The SCM also shows that a failure upstream (call it management) can be stopped underway (e.g. by competent and alert personnel), yet on ‘a bad day’ (another employee, stress, etc.) an accident may be the consequence. One huge drawback of the SCM is obviously that many versions exist. Some versions (e.g. the 1997 from “Managing The Risks…”) are very flexible and don’t put the layers of barriers in any strict order which would even allow an explanation of incidents starting without management failures. Other versions, however, do of course have various layers with designated ‘categories’ that - looking strictly at them - could be seen as if the SCM does say that all accidents are due to management failures.

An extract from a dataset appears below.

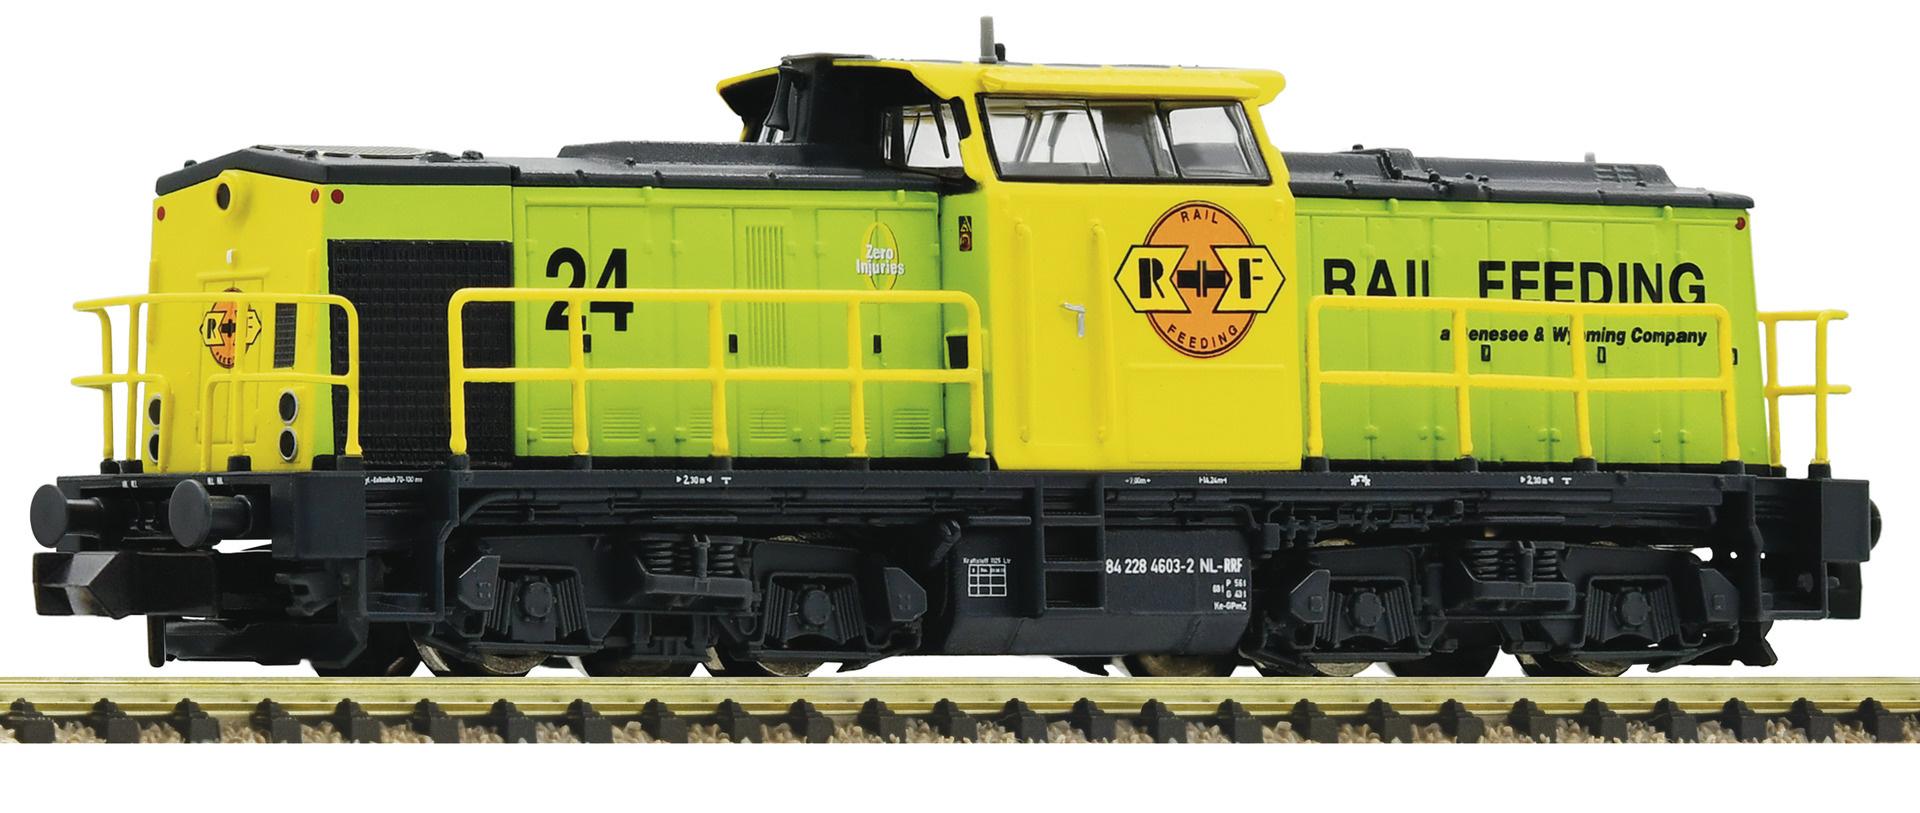 721015 diesellocomotief van de RRF Nederland-1

It has been suggested that the SCM is an updated version of Bird, something I don’t see at all and must be an assumption or conclusion that is not further explained at length, but probably is linked to the fact that both tend to look towards management factors as the root causes of accidents. That being the case I think that Bird’s sequence and the SCM are quite different at heart. Reason’s first two books do reference Bird only once, and then he not even refers to Bird’s domino sequence, but to Bird’s updated pyramid (see “Managing The Risks Of Organizational Accidents”, p. 224).

One important difference is that Bird shows us a sequence of causes leading up to an accident and its consequences/loss. The SCM pictures a series of barriers with possibilities for failure (note that the SCM pictures also ‘holes’ that are not relevant for the accident!) which when several failures line up can lead to an accident because all layers of protection have been breached. If anything then the SCM is about the spaces between Bird’s dominos. Another difference is that the domino sequence in a way pictures the mechanism how upstream factors may cause the next domino to fall and thus show some causal relationship. The SCM does not show the mechanisms for the causes (holes). Contrary to the Bird sequence viewed in a strict sense, the SCM does not have holes in one slice of cheese affecting holes in the other slices.

Barriers

An understanding of barriers is important for discussing the SCM. In Norwegian railway safety legislation a barrier is defined as: “technical, operational, organisational or other planned and implemented measures that are intended to break an identified unwanted chain of events” (Sikkerhetsstyringsforskriften, 1-3). Other standards and legislation contain similar wording; e.g. ISO 17776:2000 (“Guidelines on tools and techniques for hazard identification and risk assessment”) defines a barrier as a “measure which reduces the probability of realizing a hazard’s potential for harm and which reduces its consequence” and explains that “barriers may be physical (materials, protective devices, shields, segregation, etc.) or non-physical (procedures, inspection, training, drills, etc.)”. When we speak of barriers (and also causes, by the way) in my company we think MTO: man, technical and organisation.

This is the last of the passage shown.